Hoofy and Boo in the Crossfire
Consumers caught in the crossfire between lovie dovie govie inflation statistics and the high price of gas in the tank, food on the table and kids in college.
Tooth for a tooth, eye for an eye…sell your soul just to buy buy buy
Beggin' a dollar stealin' a dime…come on can't you see that I
I am stranded…caught in the crossfire
I am stranded…caught in the crossfire
--Stevie Ray Vaughan (Crossfire)
Things that make me go hmmm…
- Consumers caught in the crossfire between lovie dovie govie inflation statistics and the high price of gas in the tank, food on the table and kids in college.
- U.S. growth at a four-year low while the DJIA is at an all-time high and the S&P a few good buy programs away from its all-time closing high of 1527.
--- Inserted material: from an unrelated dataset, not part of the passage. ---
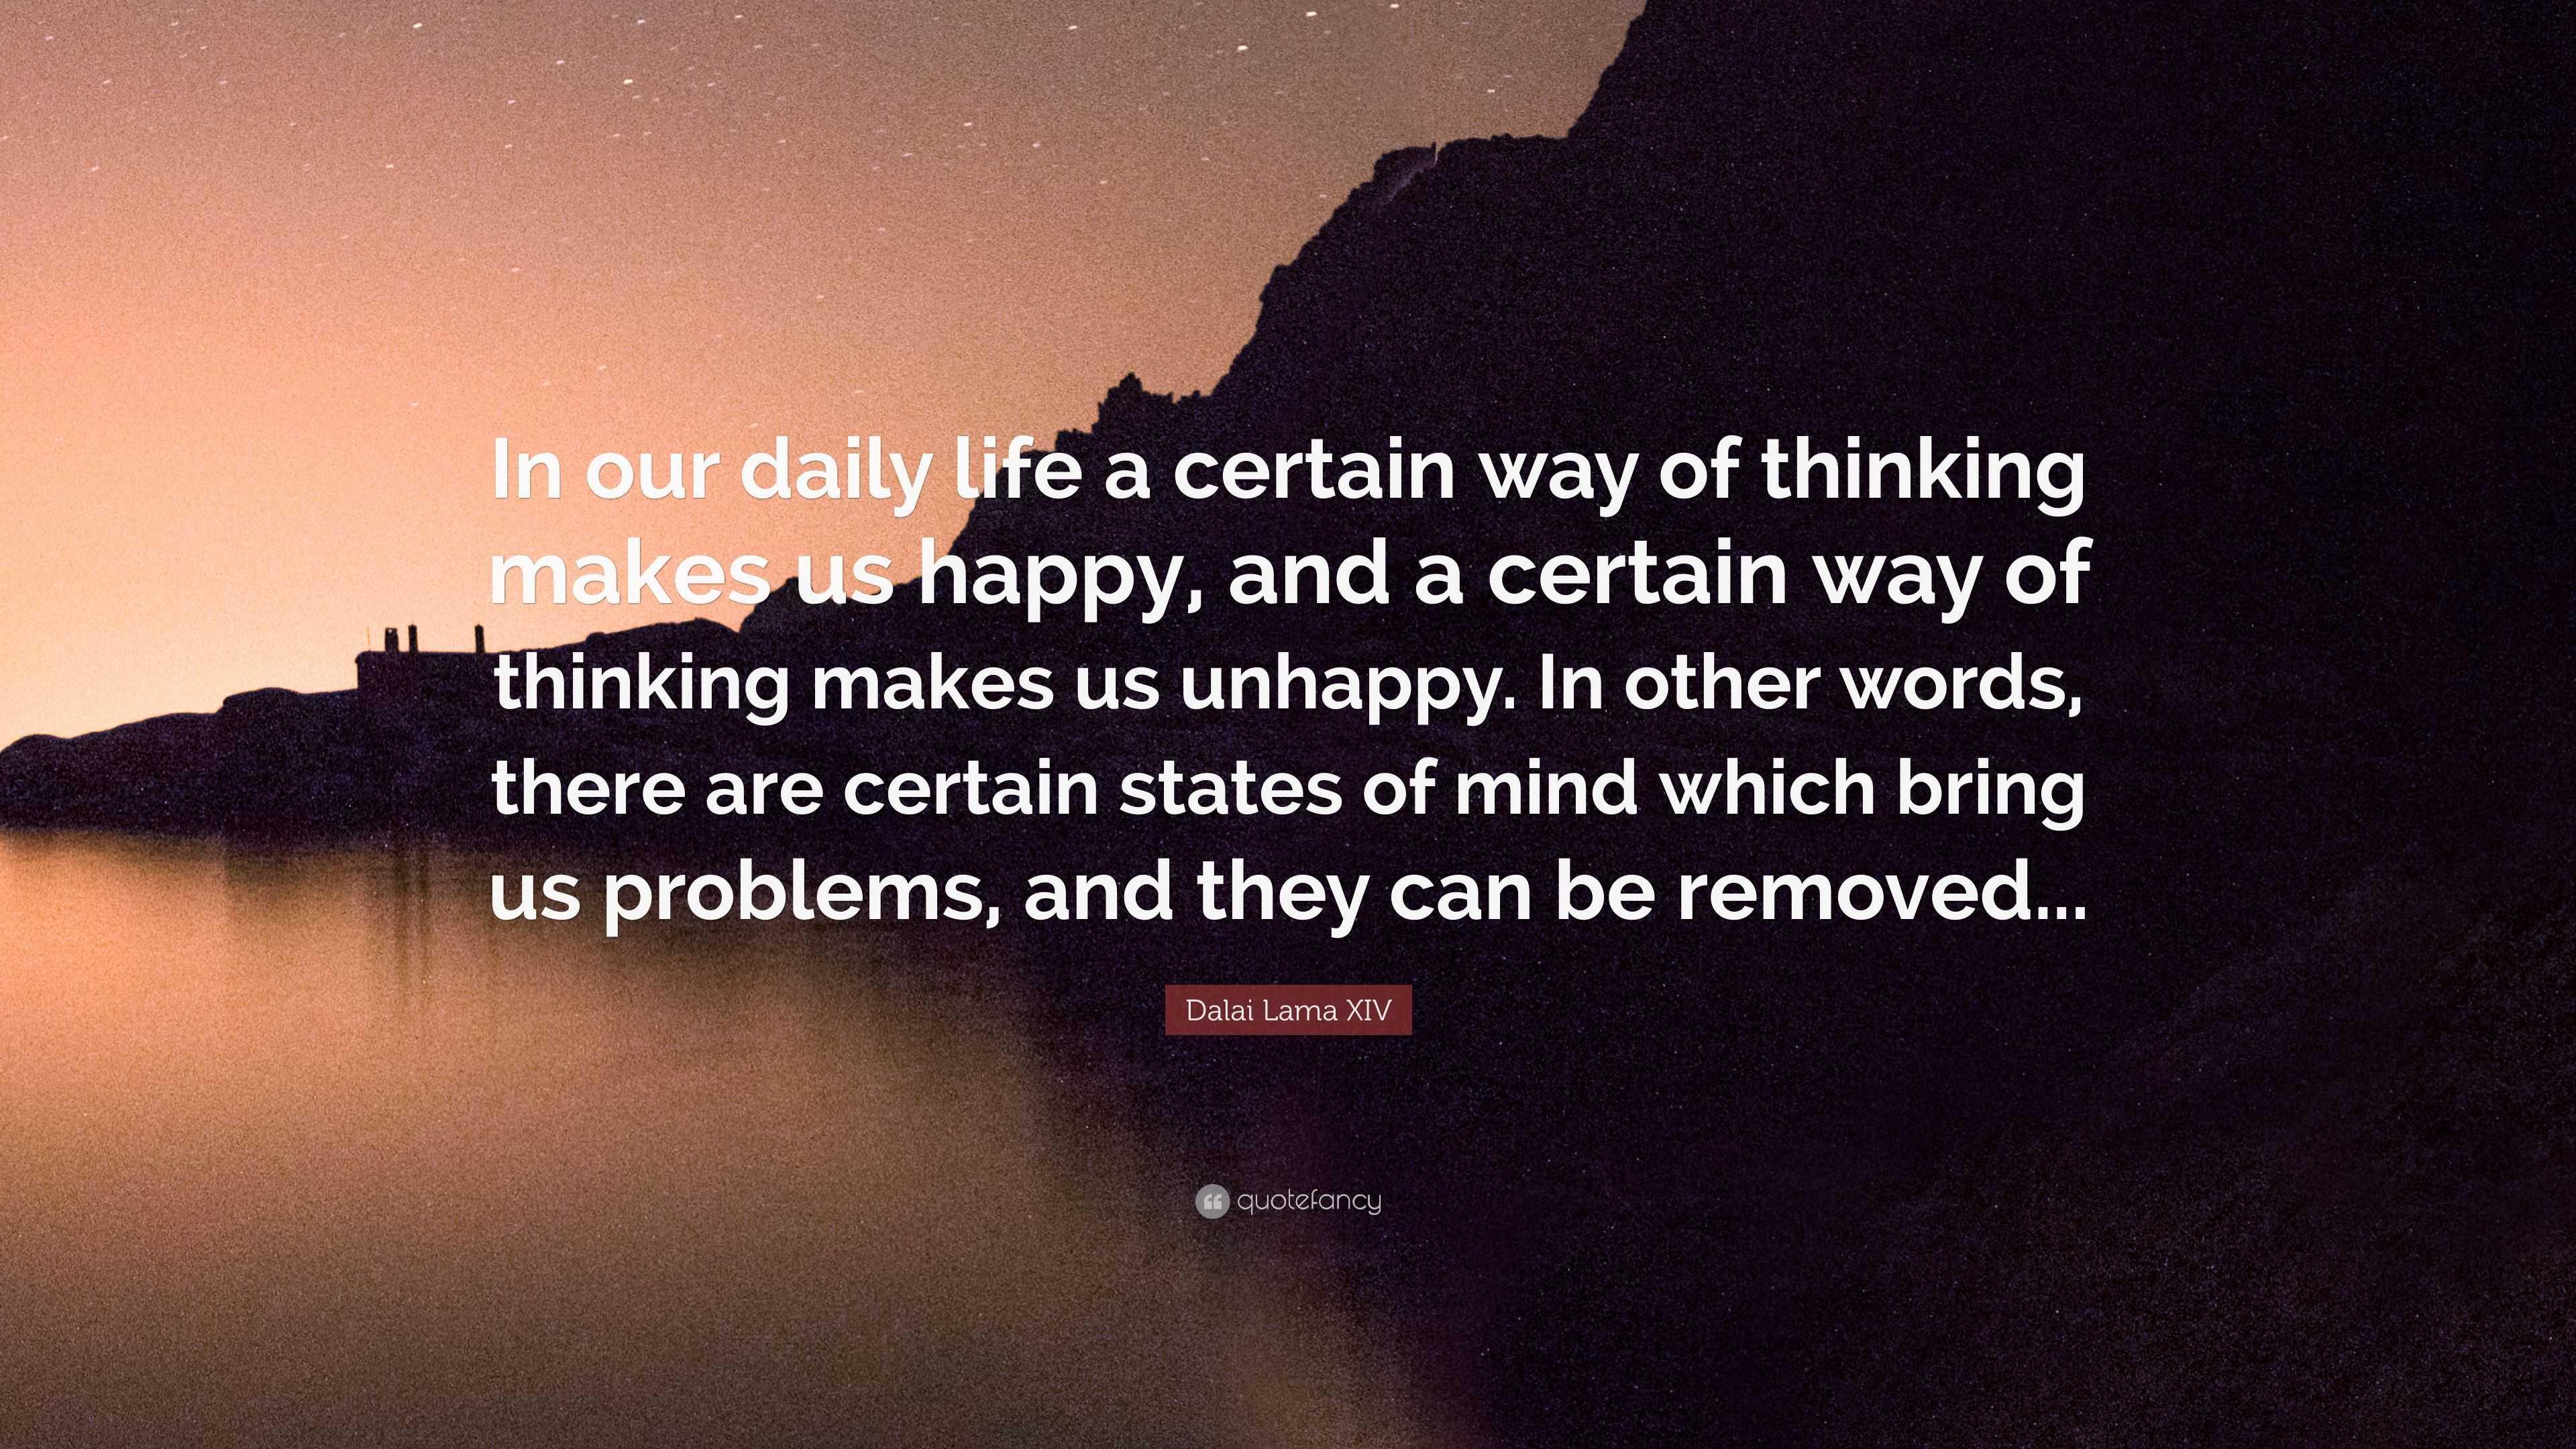 Dalai lama critical thinking quote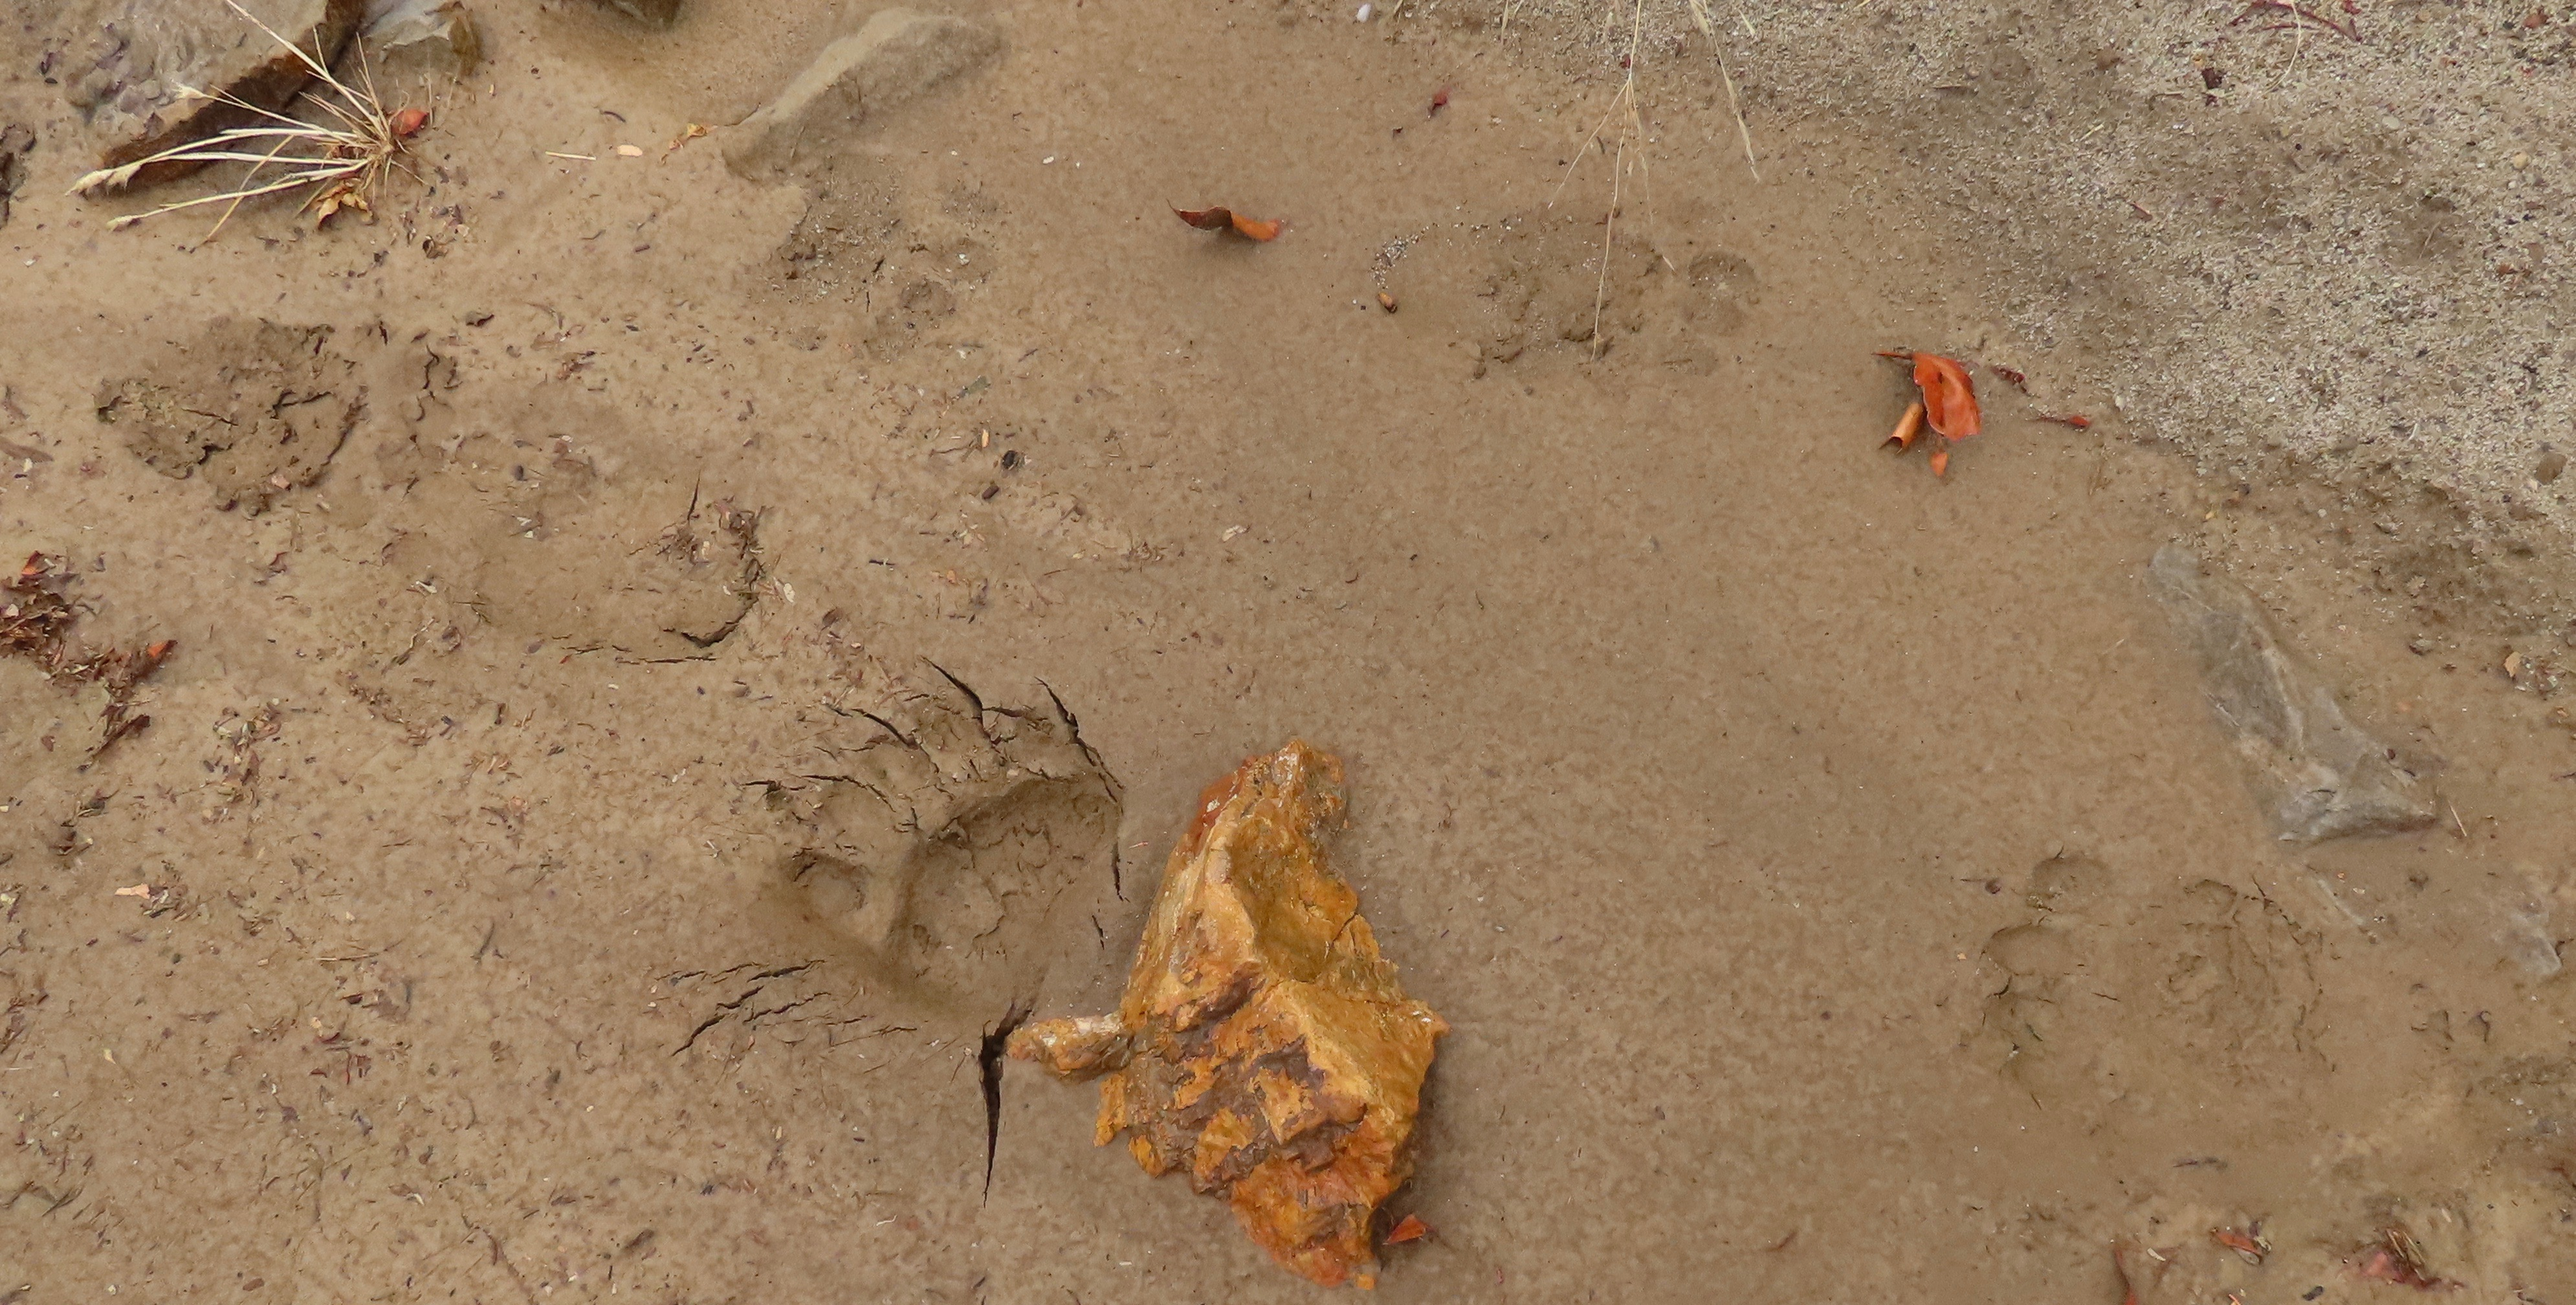 Bear tracks agua blanca creek sespe wilderness los padres national forest

- With little sign of corporate inclination to rev up Cap-Ex are corporate buy backs a function of nothing else to do with the moolah in the till? Or given the M&A melt-up, LBO lunging and private equity escapades are the corporate lounge lizards just trying to couch their cushy jobs by shrinking the floats and manipulating the earnings per share to avoid possible takeovers? Does shrinkage in the case of Costanza have anything to do with performance?
- Do I need glasses or is there a letter "I" on the end of CMG (Chipotle Mexican Grill)? In 2000 it was CMGI. In 2000 it was wafers - now it's waffles?
- In years to come will we look back and see that the Zell Sell parallels the Rockefeller's sell of Rockefeller Center to the Japanese prior to the 1987 stock market crash? The Rockefellers later bought it back – at a discount.
- A few days ago state-run newspapers in China ran cautionary stories about the risk inherent in stocks - that stocks can go down as well as up. When asked whether there was a bubble in Chinese stocks, the governor of the People's Bank of China answered flatly "Yes."
- Odd how this is reminiscent of comments by the New York Fed about a week ago about the current level of risk in hedge fund leverage. Are the People's Bank of China and the People's Working Group sharing fortune cookies? Are they both concerned about a reversal of fortune, cookie, having opened a Pandora's Box of liquidity?
- The Big Dogs have bellied up to the bar. With the punchbowl spiked is it any wonder that no one believes the bartender when he whispers closing time?
- Is the new Chinese favorite pastime speculation? Will Americans and Chinese be the boys of summer and meet on the fields of speculation this summer? Has gambling in stocks replaced gambling in casinos in China? Is this why Las Vegas Sands (LVS), Wynn Resorts (WYNN) and MGM Mirage (MGM) are rolling snake eyes lately?
- The NASD sent a fortune cookie out last week – alerting investors regarding the risk of margin. According to the NASD, through the end of March the amount of debt taken on by investors to buy stocks totaled 317.7 billion. This is a tad below the 321.2 billion record scored in February, but both months surpassed the 300 billion hit in March 2000.
- How is it that the Fed is jawboning about inflation while they're pumping money hand over fist? Is the jawbone connected to the wrist bone?
- Does the halitosis in Google (GOOG) gargling below its 50 DMA indicate anything?
- Does it mean anything that the longs in my poster child for this year, Terra Nitrogen (TNH), had to bring out their gas masks on Monday? Someone certainly pulled the finger – uh trigger on their position on Monday. TNH gapped up towards par but closed at 85.65 down over ten points on the day. Sometimes even Coop de Ville gets one right. It's pin the tail on the option donkey time again. Watch those strikes.
- Speaking of which is it just me or y'all seeing how the S&P is caught in the crossfire at 1500? Thursday's low was 1491.45, while last week's high was 1513.80. The midpoint, 1502. Monday's close 1503.15. We remember our 1498 pivot and watched how it supported the S&P on Monday. However the Second Mouse may get the cheese for Boo. (Not to mix metaphors with TNH.)
A 10-minute chart since a week ago Monday shows the S&P may be carving out a short-term Head & Shoulders Topping Pattern. Why bother with such a short-term pattern?
1. It is Options Expiration week
2. 1498 squares out the October 2002 low
3. The March 2003 test low was approximately 1515 days ago at last week's high
- A trader friend of mine who is a smart owl when it comes to options tells me for the first time in almost a year there is no upside premium in the 151 SPYDER strike. That doesn't mean the market has to go down, but if we break 1498 the expiration may be for sale. Keep an eye on the 1490 and 1480 S&P levels.